Group Information Geometry Approach for Ultra-Massive MIMO Signal Detection
Jiyuan Yang, Yan Chen, Xiqi Gao, Xiang-Gen Xia, Dirk Slock
TL;DR
GIGA reframes ultra-massive MIMO signal detection as an approximate marginals problem under an information-geometry lens. By grouping received-signal components into auxiliary manifolds and performing $m$-projections onto an independent-component objective manifold, it yields tractable approximate marginals used in MPM detection. The method introduces a Berry-Esseen-based approximation to compute $m$-projections efficiently, offering favorable BER performance with scalable per-iteration complexity; the grouping level $U$ trades off convergence speed and cost, with practical settings delivering improvements over state-of-the-art detectors. This group-geometry framework provides a scalable, high-performance detector for ultra-massive MIMO systems and can extend to varying group sizes."
Abstract
We propose a group information geometry approach (GIGA) for ultra-massive multiple-input multiple-output (MIMO) signal detection.
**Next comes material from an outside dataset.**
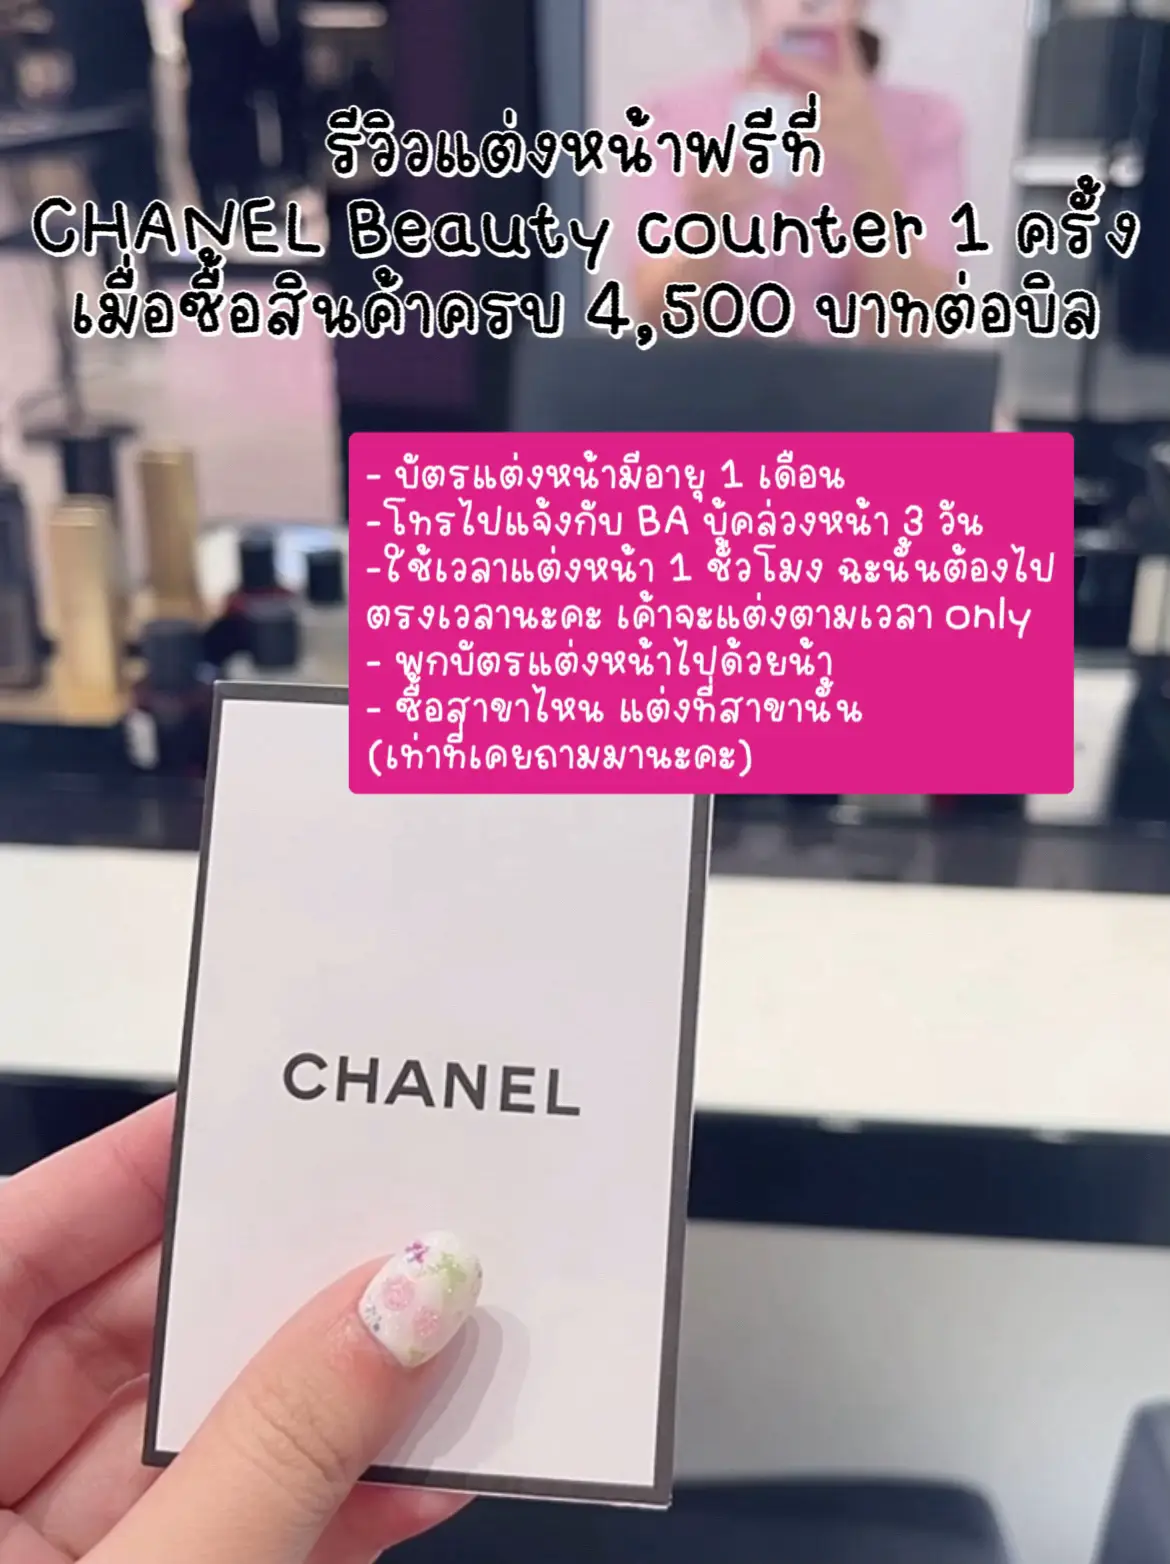 Makeup free review at CHANEL💄, Gallery posted by LittleAlice👸🏼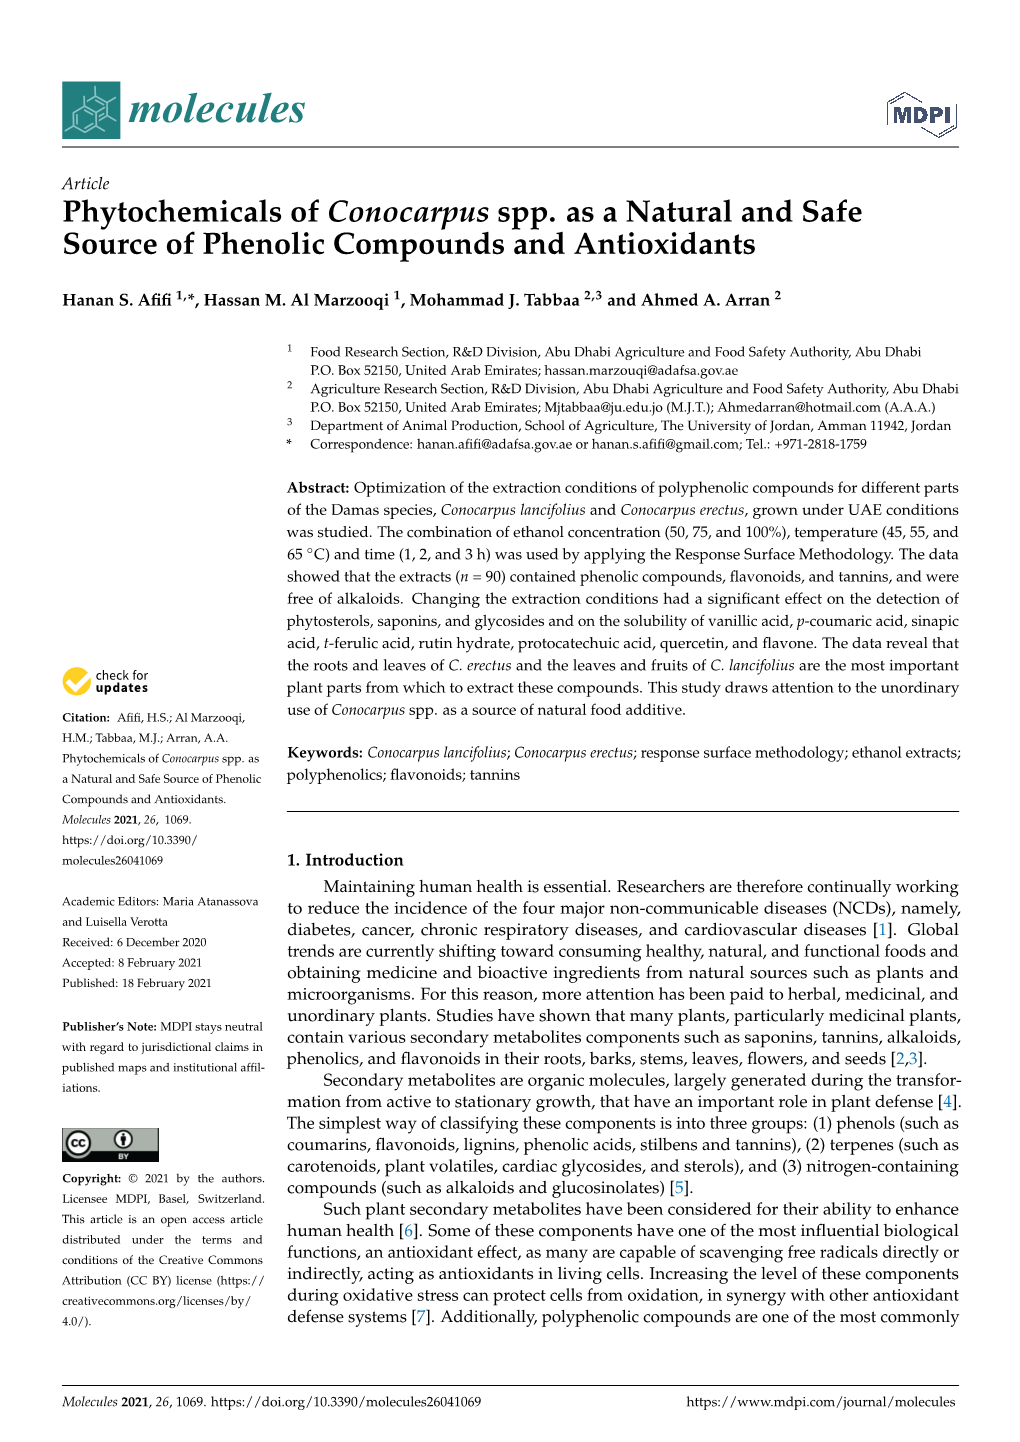 Phytochemicals of Conocarpus Spp. As a Natural and Safe Source of Phenolic Compounds and Antioxidants

The signal detection task is framed as computing the approximate marginals of the a posteriori distribution of the transmitted data symbols of all users. With the approximate marginals, we perform the maximization of the {\textsl{a posteriori}} marginals (MPM) detection to recover the symbol of each user. Based on the information geometry theory and the grouping of the components of the received signal, three types of manifolds are constructed and the approximate a posteriori marginals are obtained through m-projections. The Berry-Esseen theorem is introduced to offer an approximate calculation of the m-projection, while its direct calculation is exponentially complex. In most cases, more groups, less complexity of GIGA. However, when the number of groups exceeds a certain threshold, the complexity of GIGA starts to increase. Simulation results confirm that the proposed GIGA achieves better bit error rate (BER) performance within a small number of iterations, which demonstrates that it can serve as an efficient detection method in ultra-massive MIMO systems.